Cannot install ssl certificate

[screege]

Hi I am trying to renew my sll certificate via tustwave (which was xramp) as I have done everytime, purchase the certificate thru whm and install it, the thing is my certicate is issued and when clicking on the submit button to install it whm gives me this error:

Sorry, you must have a dedicated ip to use this feature for the user: sgx! If you are intending to install a shared certificate you must use the username "nobody" for security and bandwidth reporting reasons.
SSL Install aborted due to error.


If I put the user nobody the it gives me this error:

Modulus mismatch, key file does not match certificate. Please use the correct key file

and shows me both the key and crt file.

Can anyone please help me?

Thank you

[screege]

Never mind posted the .key that cpanel sent me and user nobody on user and it installed.

Thanks anyway

[avera]

I had this problem too.

Just for a heads up for anyone else having this problem. - I think that cpanel caches any old ssl keys you have had on your server. It's important that when you are installing your ssl, you use the key that whm/cpanel sent you by email.

Don't make the same mistake I did and assume that cpanel/whm will use the correct key - it doesn't.

[imaginarynumber]

I had this problem too.

Just for a heads up for anyone else having this problem. - I think that cpanel caches any old ssl keys you have had on your server. It's important that when you are installing your ssl, you use the key that whm/cpanel sent you by email.

Don't make the same mistake I did and assume that cpanel/whm will use the correct key - it doesn't.

Thanks Avera

I kept getting mismatches until I followed your advice and pasted the key in manually

[cPanelMichael]

Hello

I would like to point out that we do not recommend installing SSL certificates on the "nobody" username. Ideally, you should obtain a dedicated IP address to ensure the certificate is installed properly. If you decide to install a certificate using the "nobody" username for one of your domain names, you should complete the following steps to ensure your domain name functions properly when using SSL:

1. Install the certificate using the "nobody" username
2. Edit the SSL file (ie: domain.com_SSL) for the domain name under /var/cpanel/userdata/nobody changing "nobody" to the username (for both group: and user: )
3. Move the file to /var/cpanel/userdata/username and delete the .cache file
4. Remove the domain from /var/cpanel/userdata/nobody/main
5. Run /scripts/rebuildhttpdconf

Thank you.

[cPanelTristan]

Additionally, you may well need to edit the homedir and documentroot fields to be that of the domain in the domain.com_SSL file.

For homedir, it should be /home/username for the cPanel account (where username is the cPanel username. For documentroot, it should be /home/username/public_html/pathtodomain for the domain being used where you only add pathtodomain if it is a subdomain or addon domain. If it is the account's main domain, simply using /home/username/public_html would be the correct path.

[OcalaDesigns]

Hello

I would like to point out that we do not recommend installing SSL certificates on the "nobody" username. Ideally, you should obtain a dedicated IP address to ensure the certificate is installed properly.

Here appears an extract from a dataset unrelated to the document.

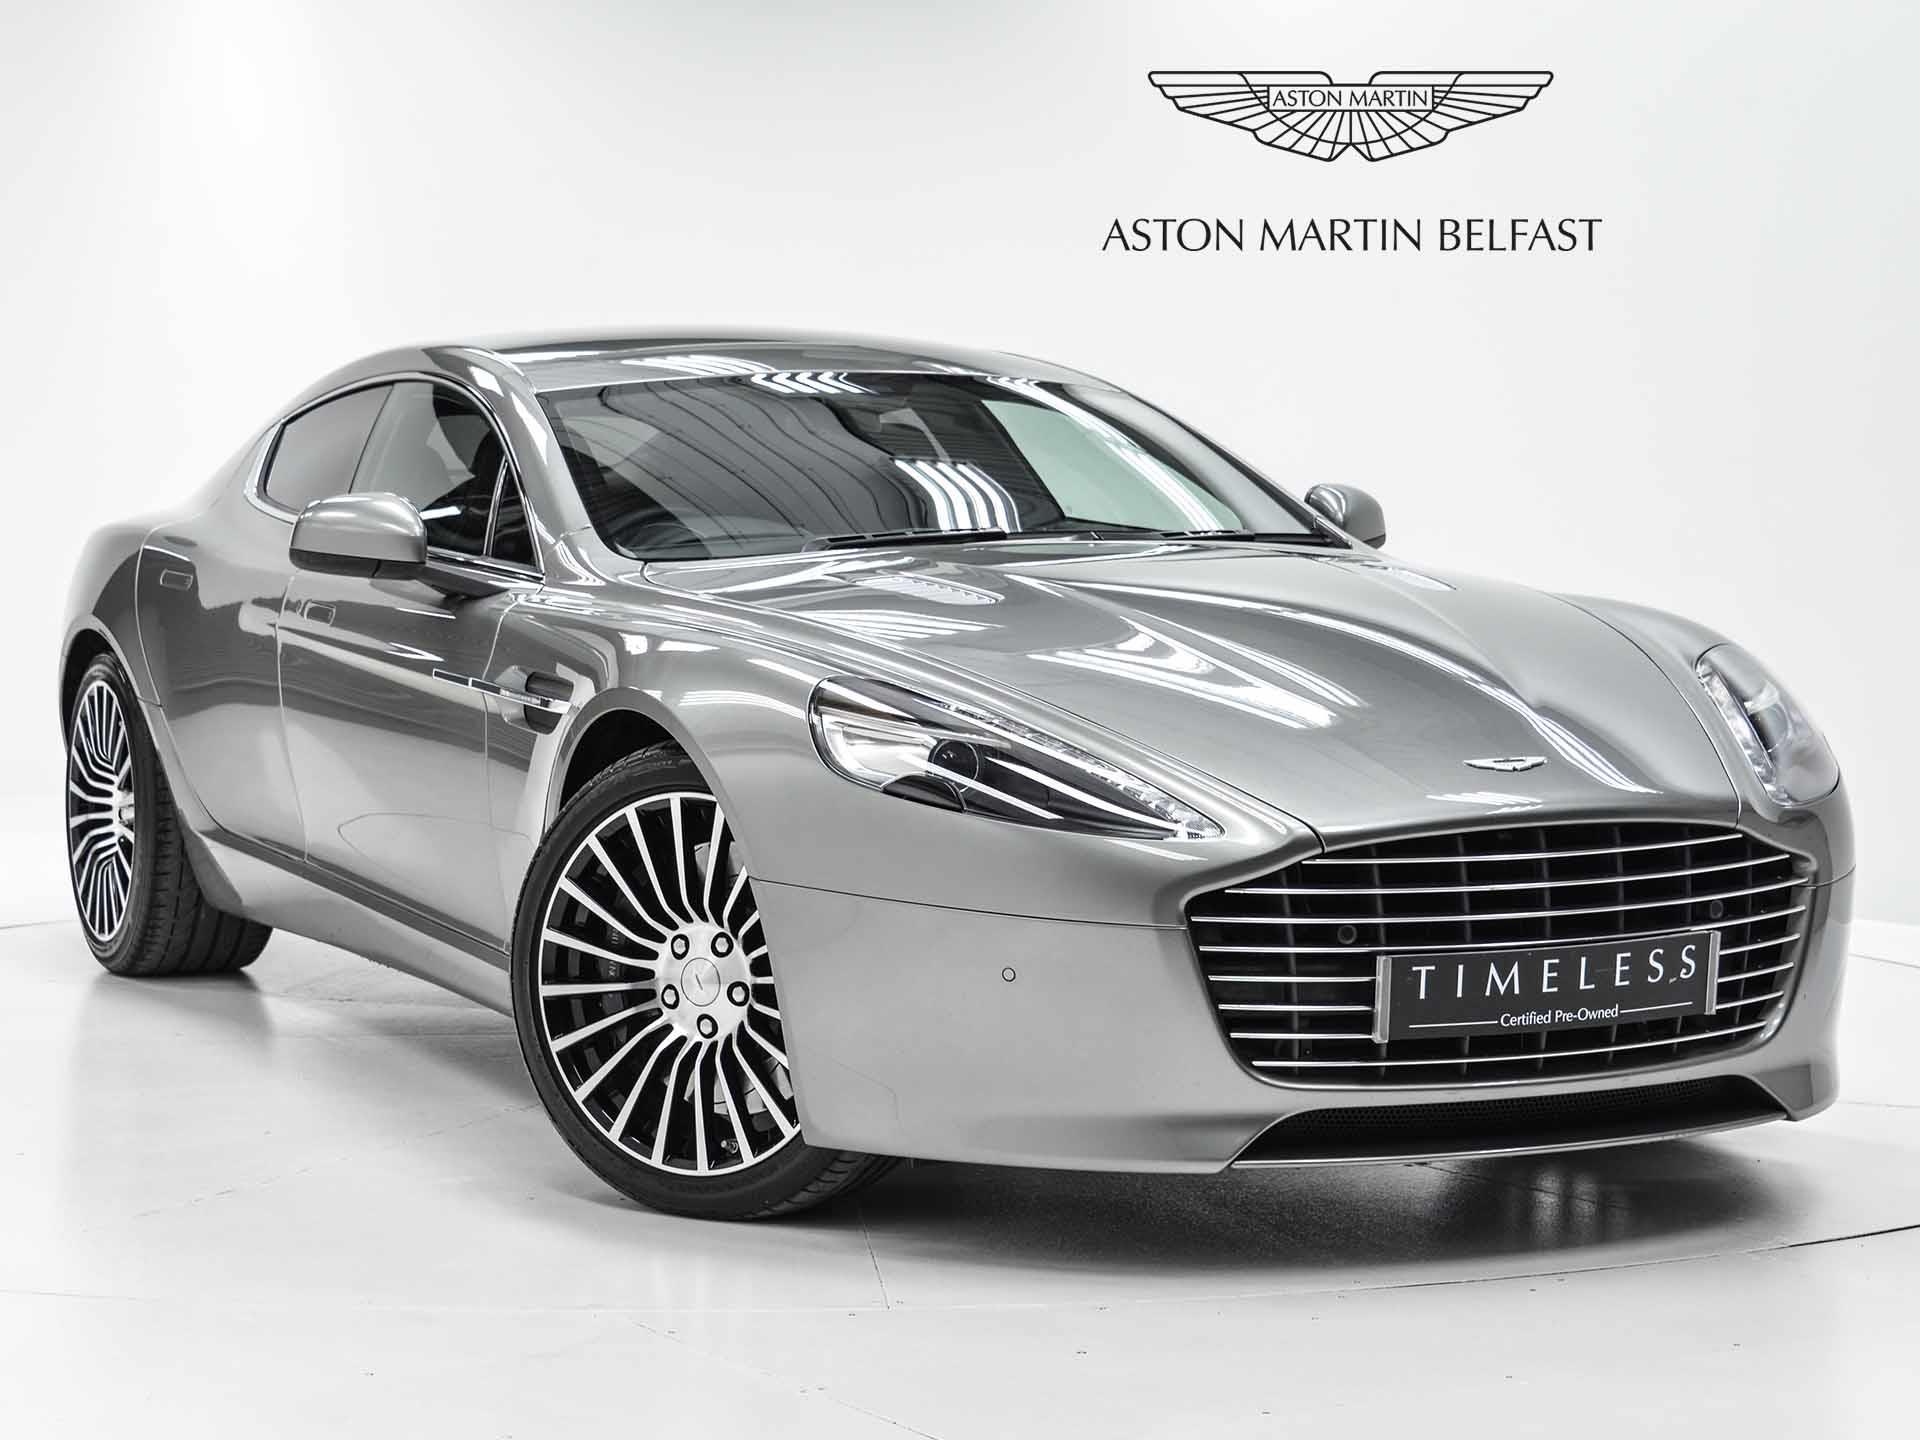 pre-owned   aston martin belfast - official aston martin dealer

If you decide to install a certificate using the "nobody" username for one of your domain names, you should complete the following steps to ensure your domain name functions properly when using SSL:

1. Install the certificate using the "nobody" username
2. Edit the SSL file (ie: domain.com_SSL) for the domain name under /var/cpanel/userdata/nobody changing "nobody" to the username (for both group: and user: )
3. Move the file to /var/cpanel/userdata/username and delete the .cache file
4. Remove the domain from /var/cpanel/userdata/nobody/main
5. Run /scripts/rebuildhttpdconf

Thank you.

You don't recommend using 'nobody' but whm forces you to install the ssl this way?? Why?

I have a dedicated IP for the user, and it still states "SSL install aborted due to error: Sorry, you must have a dedicated ip to use this feature for the user: MYUSERNAME! If you are intending to install a shared certificate you must use the username "nobody" for security and bandwidth reporting reasons."

Then I do it using 'nobody' and it works, but then I have to go and follow all the other instructions to make work under the user name?? Is this a flaw in the system or am I doing something wrong?

[cPanelTristan]

The current system requires a dedicated IP to install an SSL onto a cPanel account. While we are working on a system for SSL certificates to be installed as wildcards in the future without the user nobody being required, the current system does indeed function the way you are describing.